BRIEF -
Copy the listing exactly, please, and keep every picture out of it.

DATA BELOW -
'''

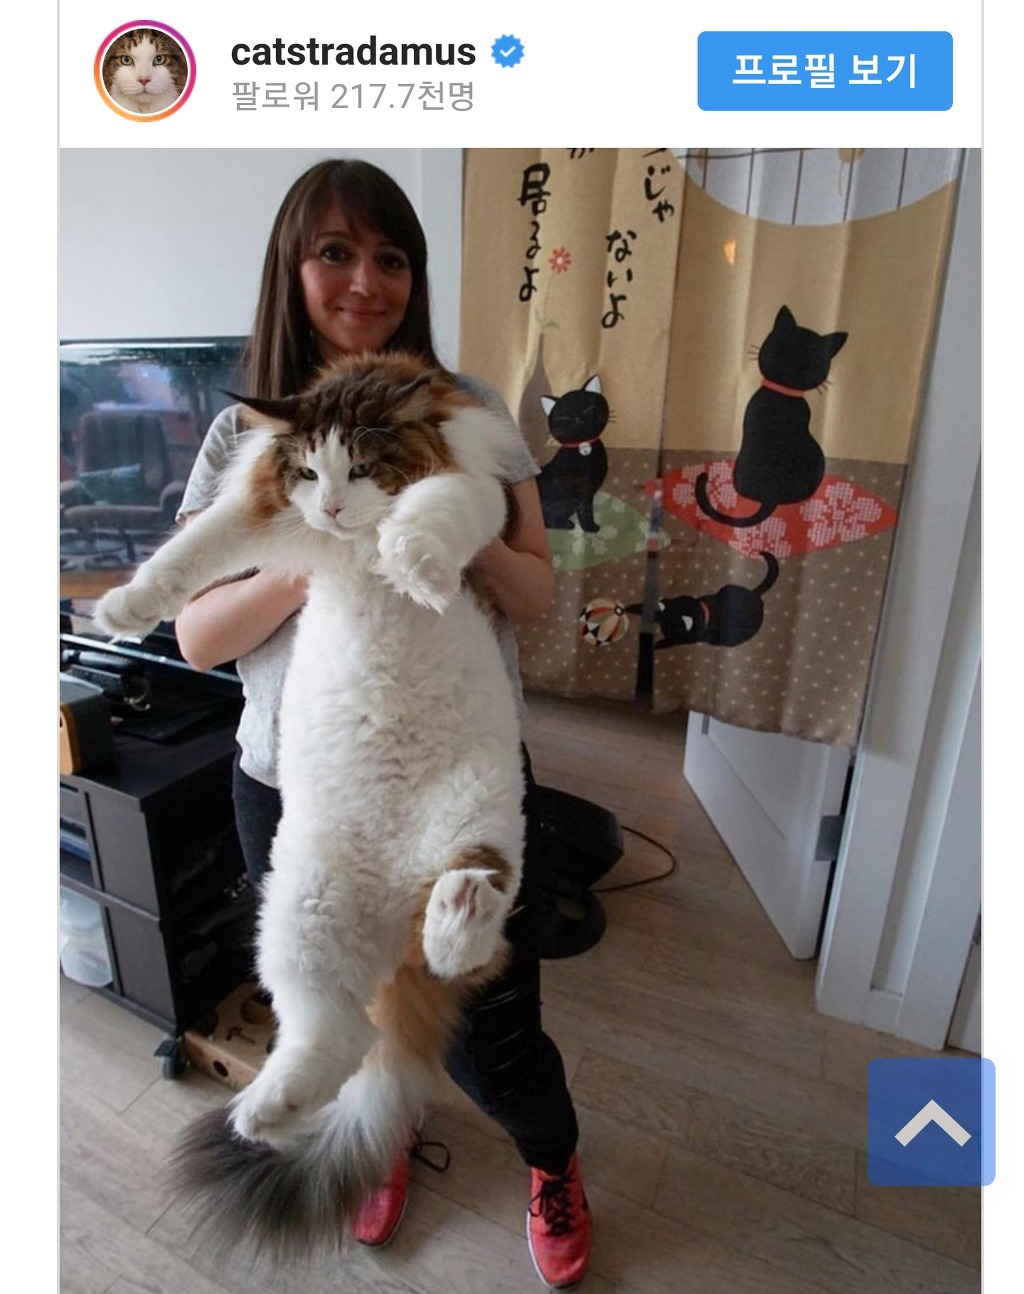 인스타 팔로우 20만이 넘는 거대 고양이
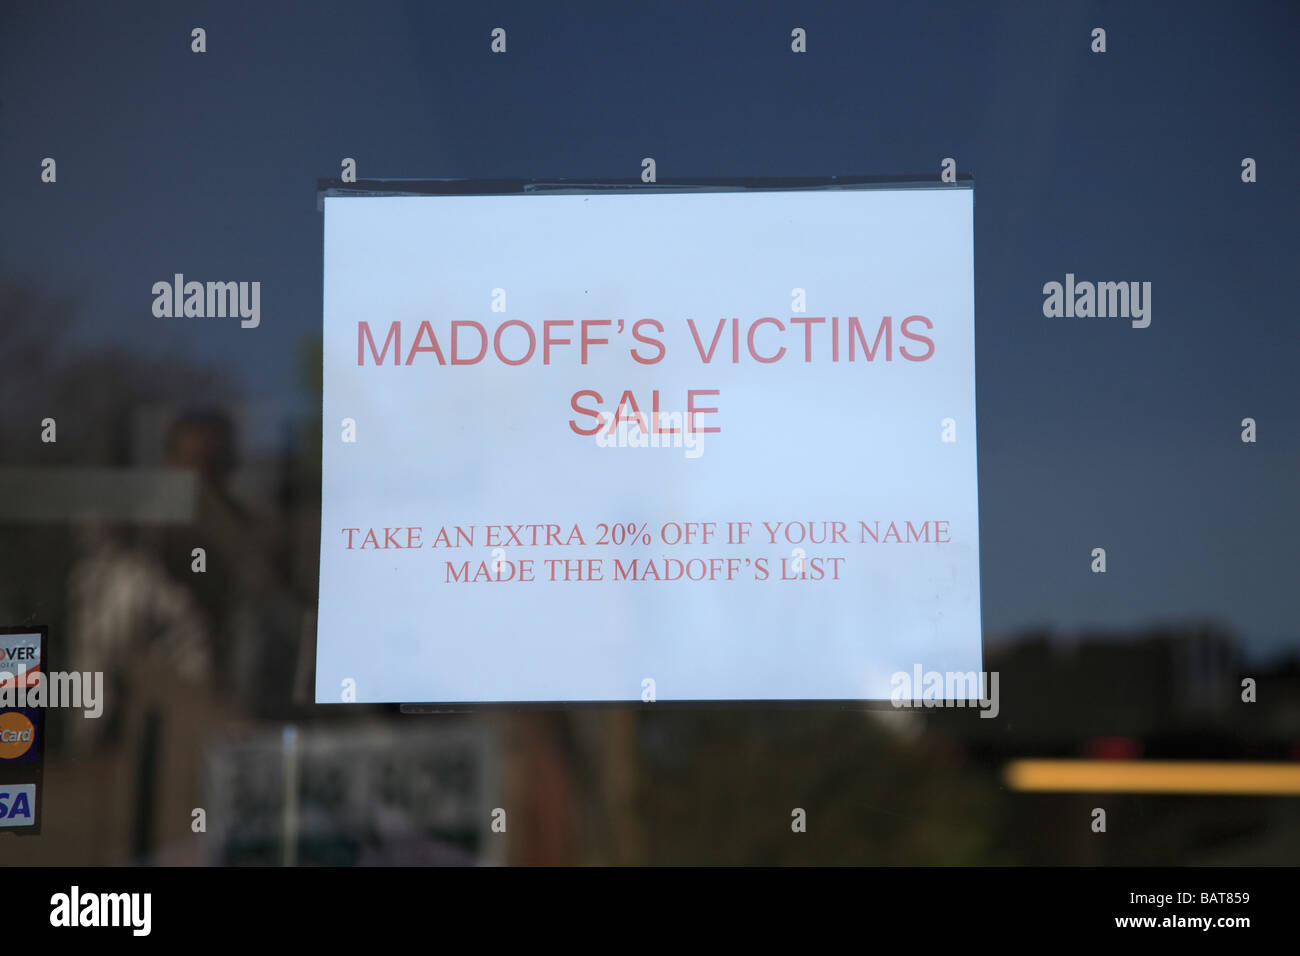 Inscrivez-vous sur les boutiques de mode à Greenwich Village offre une remise aux victimes du scandale Bernard Madoff Ponzi Scheme Banque D'Images
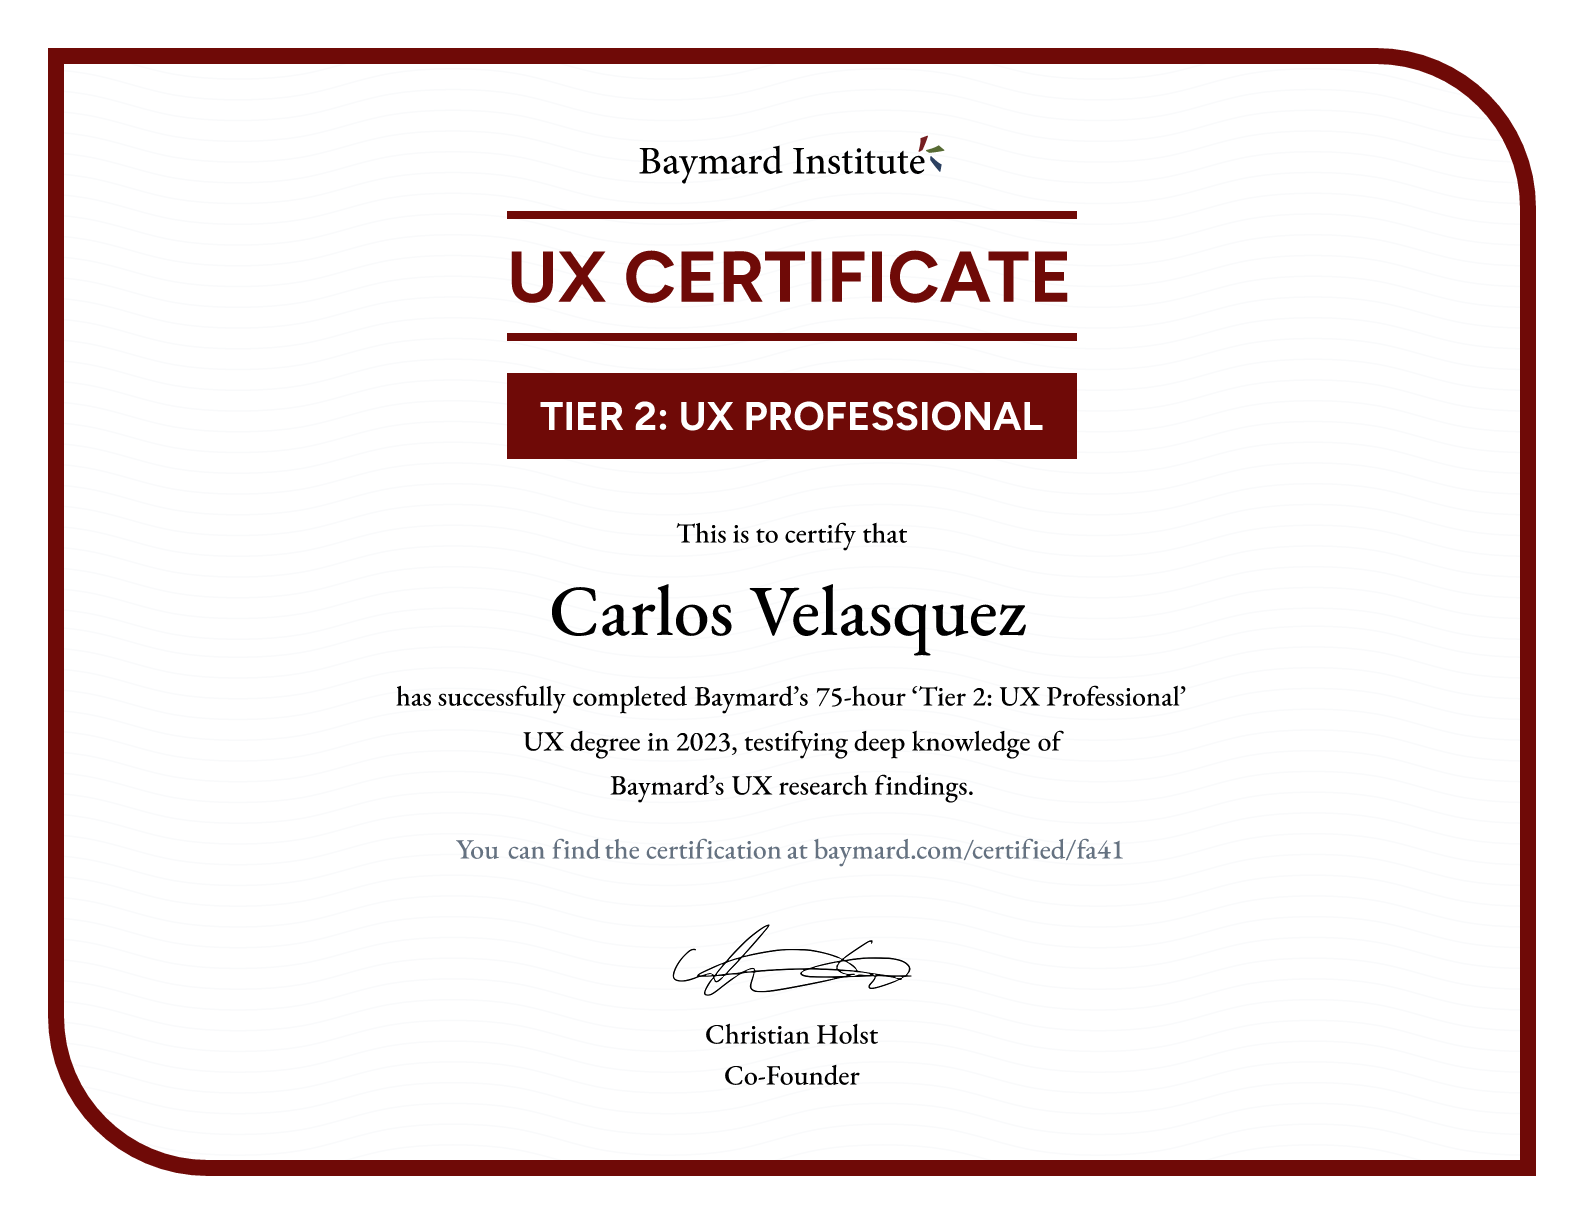 Carlos Velasquez’s certificate

'''

RESULT -
 인스타 팔로우 20만이 넘는 거대 고양이
 Inscrivez-vous sur les boutiques de mode à Greenwich Village offre une remise aux victimes du scandale Bernard Madoff Ponzi Scheme Banque D'Images
 Carlos Velasquez’s certificate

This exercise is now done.